The structure of SARS-CoV nsp9 was solved by two groups (Egloff et al. 2004; Sutton et al. 2004). A distant structural relationship with domain II of the Mpro was noted, suggesting that both proteins may be evolutionary related and thus represent another example of domain duplication in the coronavirus replicase, similar to what was discussed above for coronavirus PLpro and macro domains. Furthermore, nsp9 is structurally related to proteins containing an oligosaccharide/oligonucleotide-binding (OB) fold, although the connectivity of the individual secondary structural elements differs in nsp9. A large proportion of OB-fold proteins bind nucleic acids and SARS-CoV nsp9 was confirmed to also bind ssRNA. Binding of ssRNA by nsp9 was unspecific but specificity might possibly be attained by interaction with other viral or cellular proteins. Sutton and co-workers (2004) showed that SARS-CoV nsp9 interacts with nsp8 in an analytical ultracentrifugation analysis. The experiment further suggested that this interaction might help stabilize an otherwise disordered domain of nsp8. nsp9 forms dimers through the interaction of parallel α-helices that contain a GXXXG protein–protein interaction motif (Miknis et al. 2009). Substitutions of either of the Gly residues with Glu disrupted dimer formation while RNA binding was only marginally affected. Viable SARS-CoV mutants carrying either mutation could not be recovered, suggesting that nsp9 dimerization is critical for virus replication.

nsp10 is another small replicase protein with RNA-binding activity. Two studies analyzing the structure of nsp10 described a single-domain protein that contains two Zn2+-fingers (Joseph et al. 2006; Su et al. 2006). nsp10 was shown to bind single- and double-stranded RNA and DNA with low affinity and no apparent specificity. nsp10 interacts with nsp9 as shown by cross-linking (Joseph et al. 2006) and in a GST-pulldown assay (Imbert et al. 2008). As nsp9, in turn, interacts with nsp8 and nsp8 forms a complex with nsp7 and all these proteins are involved in homotypic interactions (see above and Chap. 18), it is tempting to believe that these proteins form a multiprotein complex that, in the course of infection, undergoes structural rearrangements (possibly due to Mpro-mediated cleavages), thereby activating, modulating or inactivating specific RTC function(s) as required at the various steps of viral RNA synthesis.

Consistent with the presumed key role of Mpro processing in the formation of a functional RTC, viable MHV mutants could not be recovered if cleavage at the nsp7|8, nsp8|9 or nsp10|11(12) sites was abolished (Deming et al. 2007). Disruption of proteolytic processing at the nsp9|10 site gave rise to an attenuated, but viable phenotype. The MHV nsp9|10 cleavage site mutant restored near wild-type growth kinetics after serial passaging which was not caused by restoration of processing at the nsp9|10 site but by a number of compensatory mutations at distant positions in the viral genome. This suggests that nsp9–10 can function as a fusion protein, though efficient replication requires adaptation of the virus. The functional role of the specific changes identified in some of the recovered viruses remain to be characterized.

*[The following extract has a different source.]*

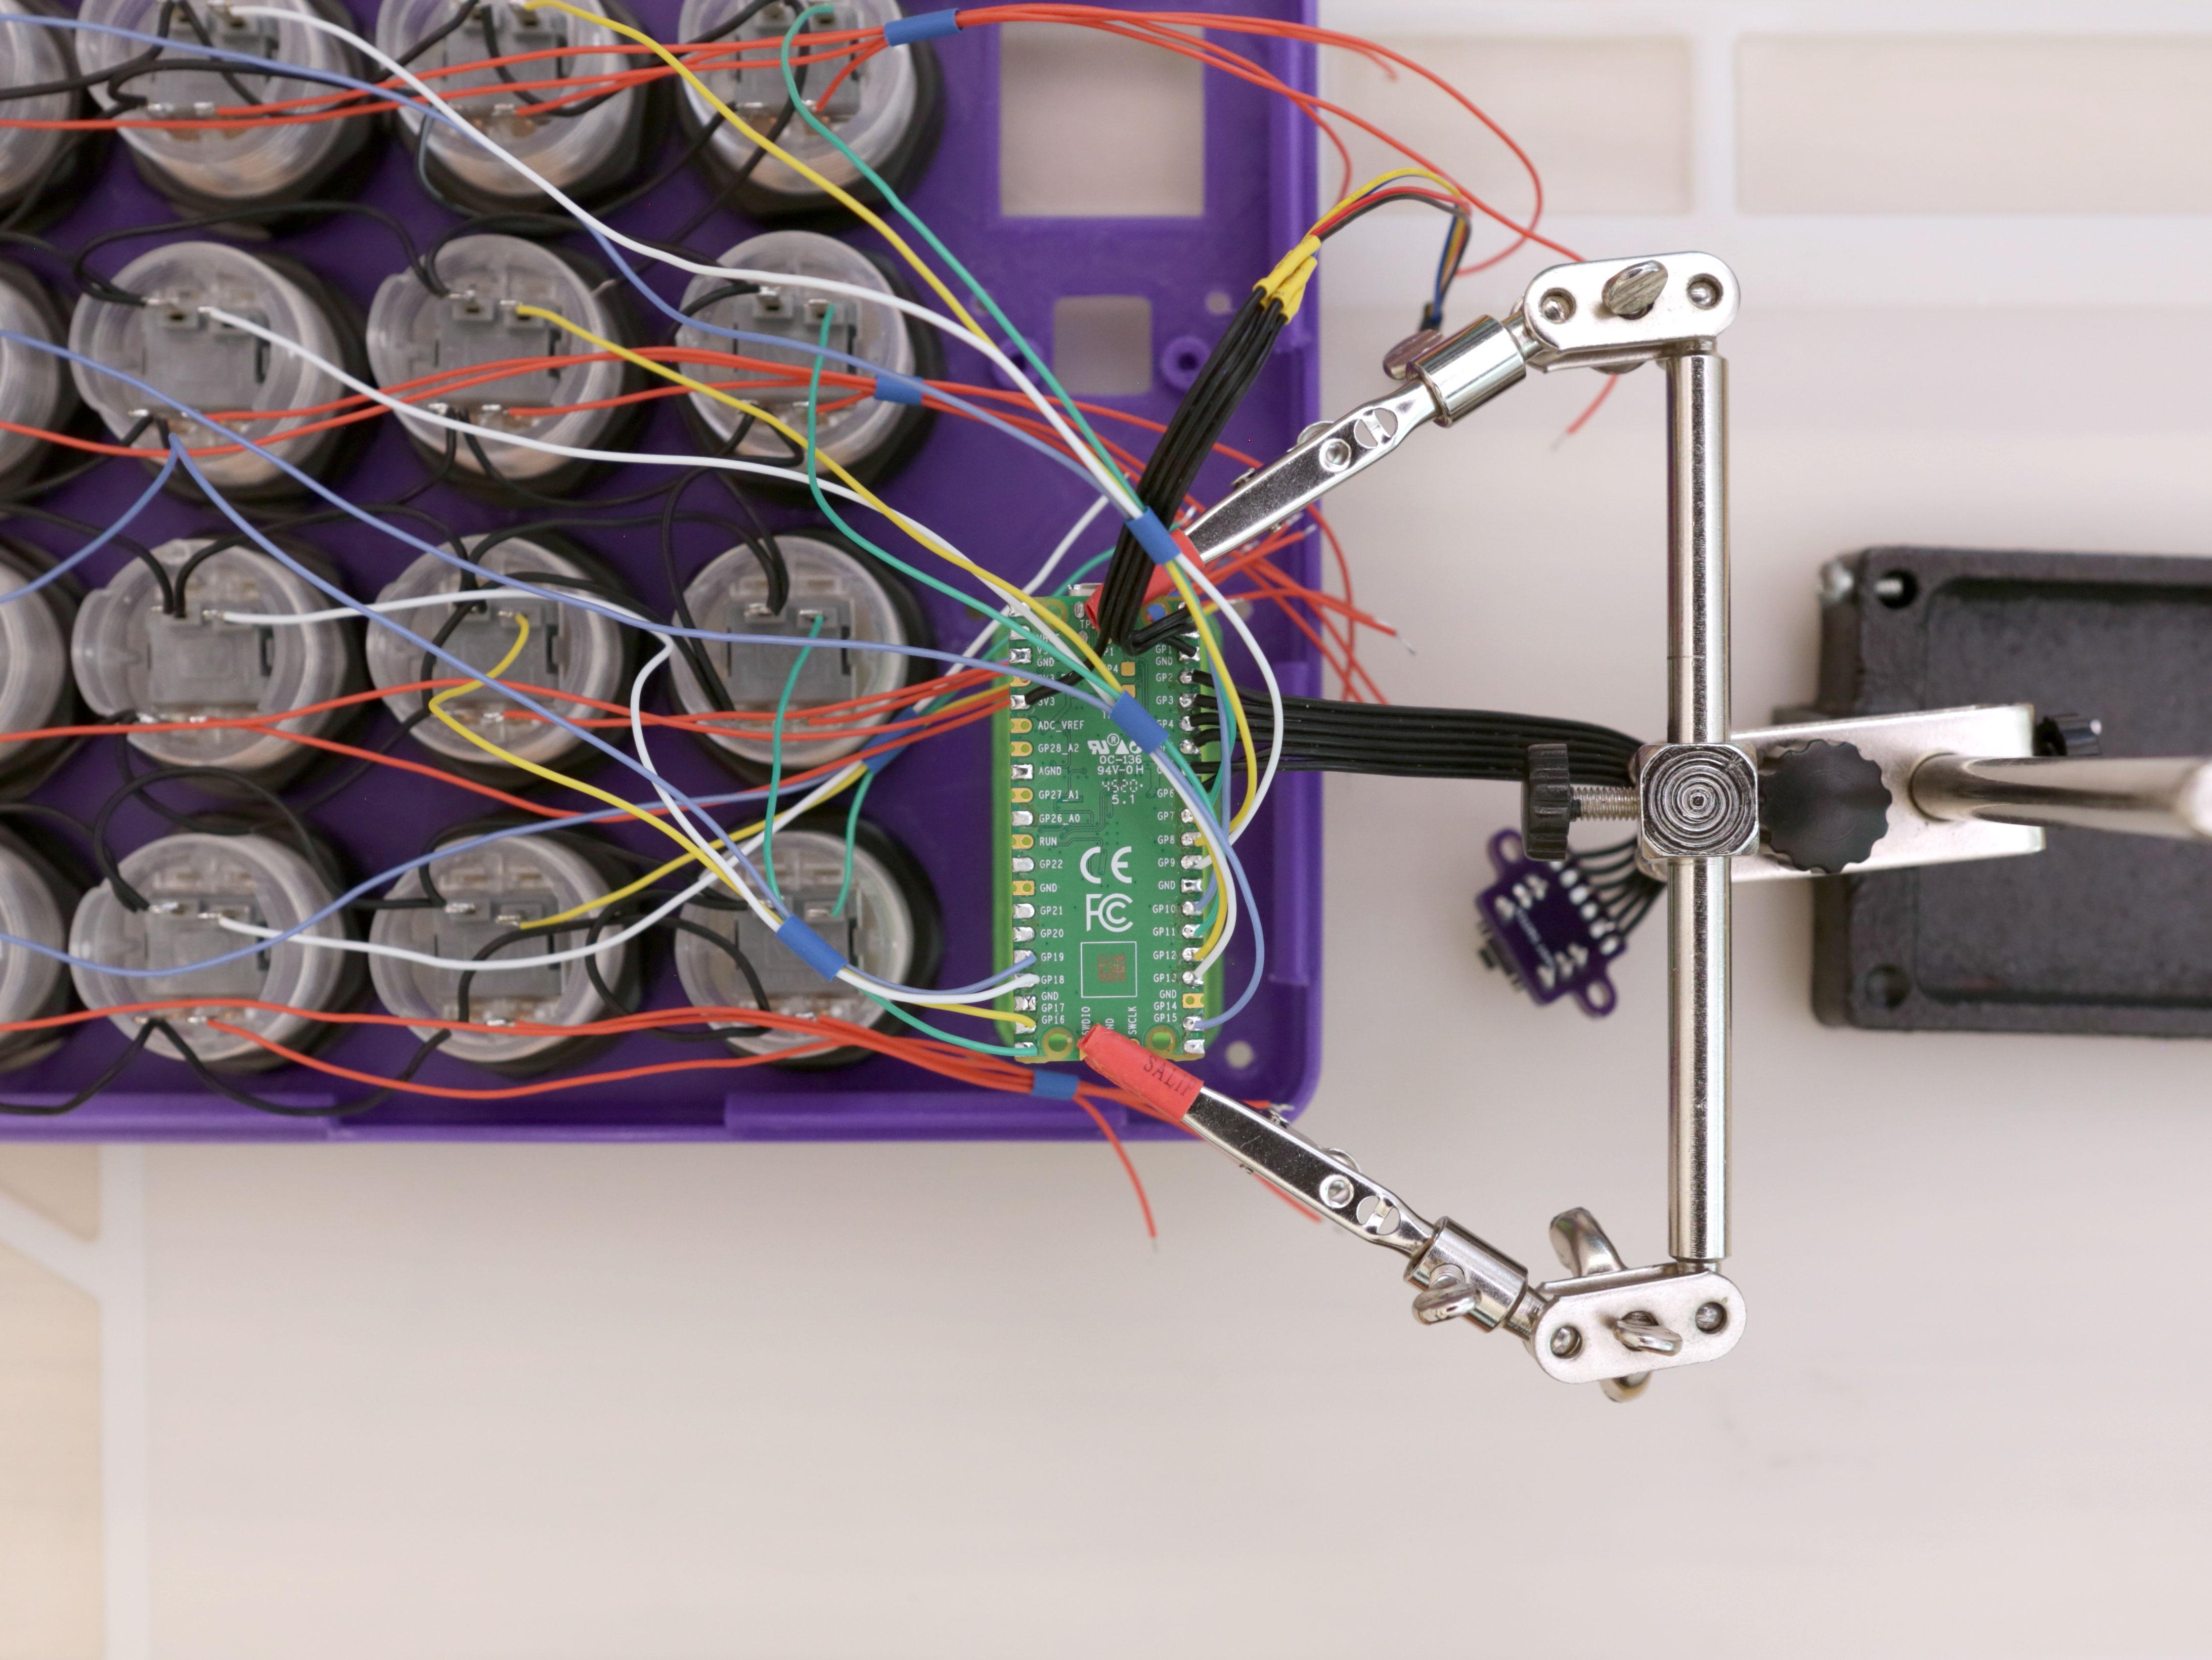 3d_printing_pico-buttons-9-12.jpg

nsp11 forms the C-terminal part of pp1a. SARS-CoV nsp11 is an oligopeptide of 13 residues. It is produced if no programmed frameshift occurs at the “slippery sequence” (see Chap. 6), leading to translation termination at the ORF1a stop codon. nsp11 shares its N-terminal amino acids (upstream of the frameshift site) with nsp12. Most of the nsp11 coding sequence overlaps with the RNA sequence involved in frameshifting and the nsp12 coding sequence, posing severe constraints on the nsp11 sequence and arguing against a functional role of nsp11. The protein has also not been detected in infected cells.

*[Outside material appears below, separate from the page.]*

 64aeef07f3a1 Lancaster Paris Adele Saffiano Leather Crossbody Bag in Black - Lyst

3.2 ORF1b-Encoded Nonstructural Proteins 12–16

The RNA-dependent RNA polymerase (RdRp, nsp12) is the most conserved protein of the coronavirus replicase–transcriptase. Expression of nsp12 (and all other ORF1b-encoded proteins) requires ribosomal frameshifting, implying that nsp12–16 are produced at significantly lower levels compared to ORF1a-encoded functions. SARS-CoV nsp12 is a protein of 932 residues. The actual catalytic domain containing the conserved RdRp motifs (Gorbalenya et al. 1989b; Koonin 1991) occupies the C-terminal region (C-terminal domain, CTD) of nsp12 while the N-terminal domain (NTD) spanning the first 375 amino acids has no known counterpart in other RdRps (Xu et al. 2003). Xu and co-workers (2003) proposed a three-dimensional (3D) homology model for the SARS-CoV nsp12 CTD. This model showed the characteristic cupped right hand palm–finger–thumb structure encircling a nucleic acid-binding tunnel. The RdRp activity of nsp12 was recently confirmed by showing that bacterially-expressed nsp12 is able to extend an oligo(U) primer hybridized to a poly(A)-template (Cheng et al. 2005).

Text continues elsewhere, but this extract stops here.